Early in his writing career Pinter admitted to three influences: Franz Kafka, American gangster films, and
Samuel Beckett. . . . At that time his plays, more than those of any other plawright's [sic], were
responsible for the newly coined term 'comedy of menace.' This phrase certainly makes sense when
applied to The Birthday Party . . . or to The Dumb Waiter. . . . But 'menace' is hardly the word for The
Caretaker, and still less for subsequent plays in which Pinter increasingly exchanged his derelict settings
and down-and-out characters for environments of moneyed elegance (657–58). (Qtd. in Merritt 240)

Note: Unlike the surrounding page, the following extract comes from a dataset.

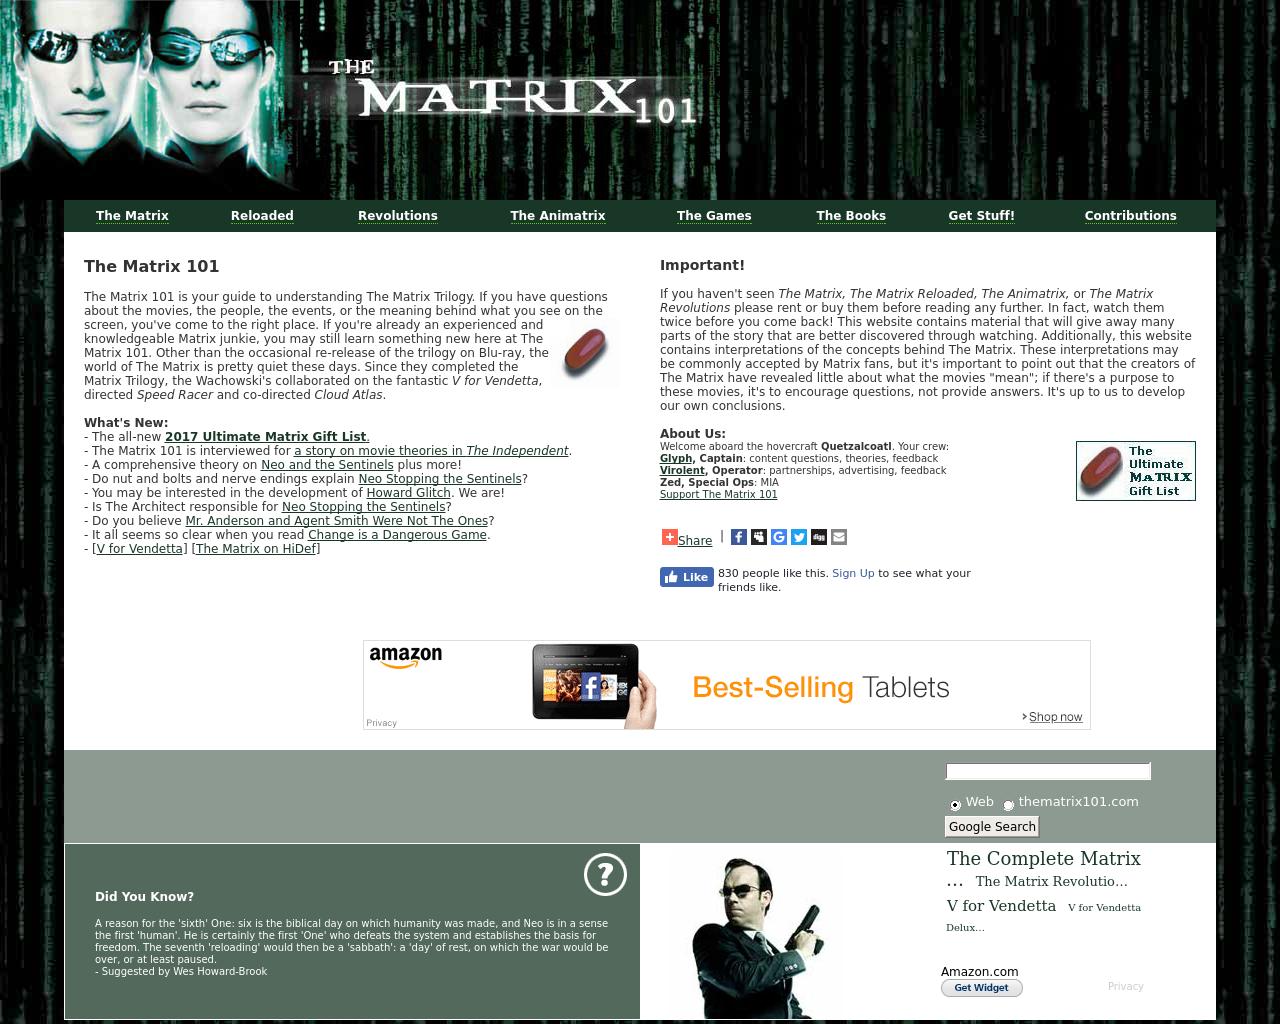 The-Matrix-101-Advertising-Reviews-Pricing

Despite those more-recent caveats regarding applying the phrase that he himself initially coined for
Pinter's writing to The Caretaker—only the second of Pinter's full-length plays produced by then and the
one that launched his career as a successful playwright in 1960 (Merritt 9, 226) —and to Pinter's later
plays, scenes in both acts of The Caretaker in which Mick confronts an unsuspecting Davies and scares
him almost speechless (Pinter, The Caretaker 129, 146) also epitomise how comedy and menace still co-
exist in Pinter's text and on Pinter's stage.

The comic aspects of this play multiply, reaching a crescendo in Mick's monologue in Act Two describing
his "deepest wishes" for decorating the attic room (161, 173) and falling with Davies, a tramp taken in
out of the cold by his brother, suggesting that "if" he can "just get down to Sidcup" to get his "papers"
and "sort" himself "out" (113–16, 164), his refrain and excuse for everything (153, 175–79), he might
just be able to accomplish Mick's hyperbolic pipe dream and "decorate the attic room out for [Mick]"
(164), leading Mick to accuse Davies of misrepresenting himself as "an experienced first-class
professional interior and exterior decorator" (172–74), an absurd conclusion, given the tangible
evidence of the down-and-out Davies before Mick (and the audience).

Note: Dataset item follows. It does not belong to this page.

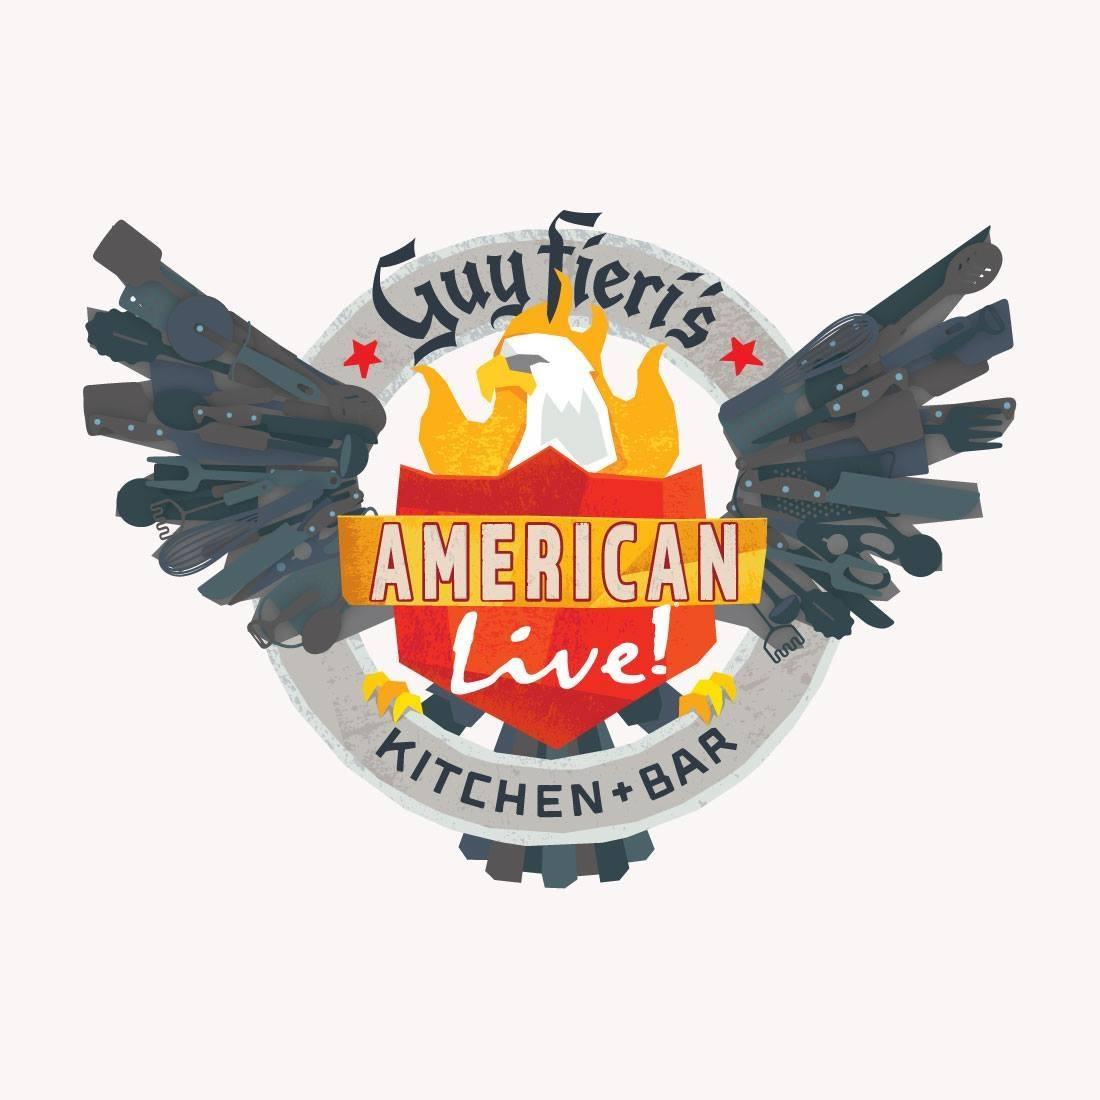 Guy Fieri's American Kitchen + Bar Logo

Pinter's friend the late film and stage director David Jones, who directed the play for the Roundabout
Theatre, in New York City, in 2003 (having previously directed Pinter's 1983 film of Betrayal, as well as
other works by or featuring him), reminds his audience that Pinter himself said, in a widely quoted
statement, that The Caretaker is only "funny, up to a point" and that "beyond that point" is why he
wrote it:

There is always mischief lurking in the darkest corners. The world of The Caretaker is a bleak one, its
characters damaged and lonely. But they are all going to survive. And in their dance to that end they
show a frenetic vitality and a wry sense of the ridiculous that balance heartache and laughter. Funny,
but not too funny. As Pinter wrote, back in 1960: "As far as I am concerned The Caretaker IS funny, up to
a point. Beyond that point, it ceases to be funny, and it is because of that point that I wrote it." (Jones)

"Beyond the point" of the comedy (the "funny") lies the scary territory that threatens one's very
existence (Billington 92), which Wardle and others commonly have "labeled" or "pigeonholed"
(depending on one's perspective) as "menace" (Merritt 9–10).